Dr. Bagga: So, most people who are smoking nowadays started usually when they were younger. They were targeted heavily by cigarette company ads and even unfortunately physicians earlier in the years. So, it was societally the normal thing to do even the “cool” thing to do. That has stuck in a lot of people’s heads as that’s the norm. And to think that cigarette smoking advertisement has stopped would be a mistake. They still spend about 9 billion dollars a year in advertising even though they are not on TV, they are not on radio, they are not – they are just print ads. So, there’s a lot of effort still in convincing people that cigarette smoking is the right thing for them to do.
So, the behavioral aspect of it is you have a process that you are used to doing. There is some structure in your family, be it your friends, your car, your coffee in the morning that triggers that behavioral aspect and you want to do it and you can’t give that up because it’s the first thing you do and once you start for the day; you are not giving up.
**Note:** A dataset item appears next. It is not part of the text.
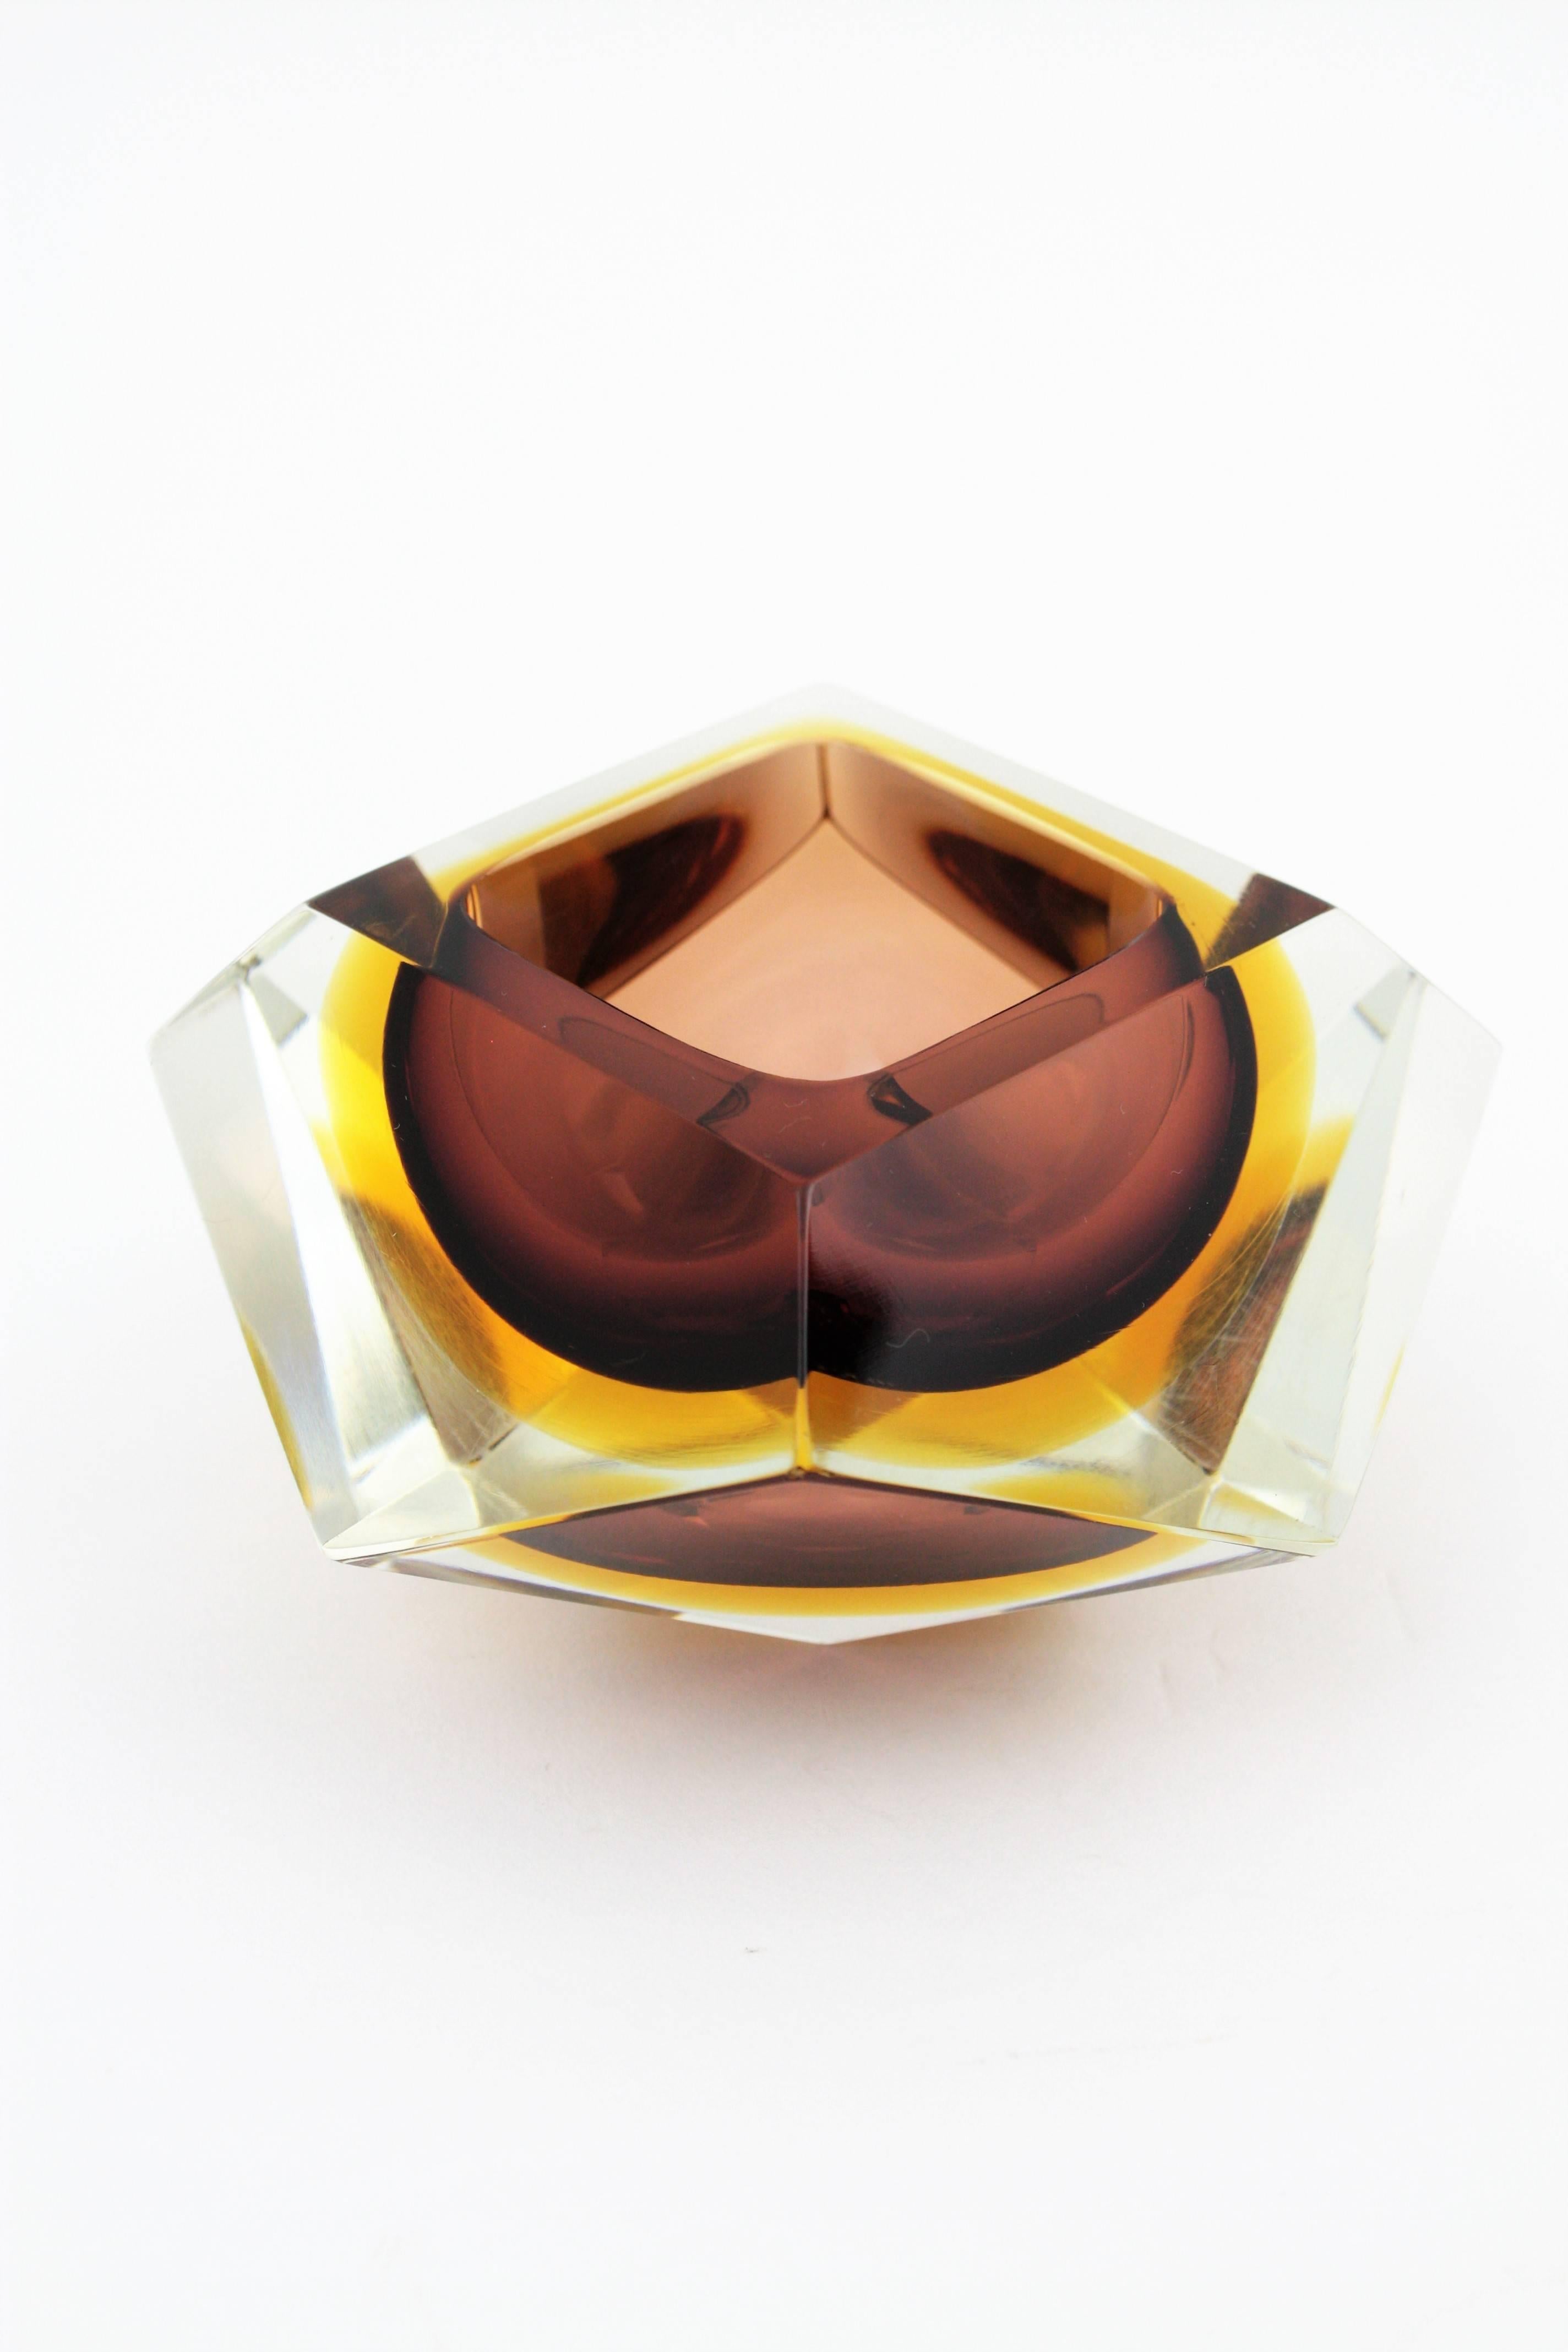 20th Century Large Flavio Poli Brown & Amber Sommerso Diamond Shape Faceted Murano Glass Bowl

A lot of times I talk to my patients about realizing that there are multiple ways to quit smoking; but the first step is to admit to yourself that you are interested and a lot of times I ask patients are you interested in quitting smoking, and if they are not interested in quitting smoking; they are not going to succeed.
So, step one is always to identify am I ready to quit smoking. And if you are; then that’s excellent. There are multiple pathways including what we call “cold turkey” which is you just stop, and you give up and if you have the willpower and the mental capacity to do it; you do well, and you remain quit smoking. But most people end up using some kind of smoking cessation aid be it lozenges, gum, mediations or behavioral therapy including hypnotism or electronic cigarettes. Most people will find what works for them, mostly by trial and error methods, but the patches are probably the first step once the patient is ready to quit smoking or understands that they are ready and willing.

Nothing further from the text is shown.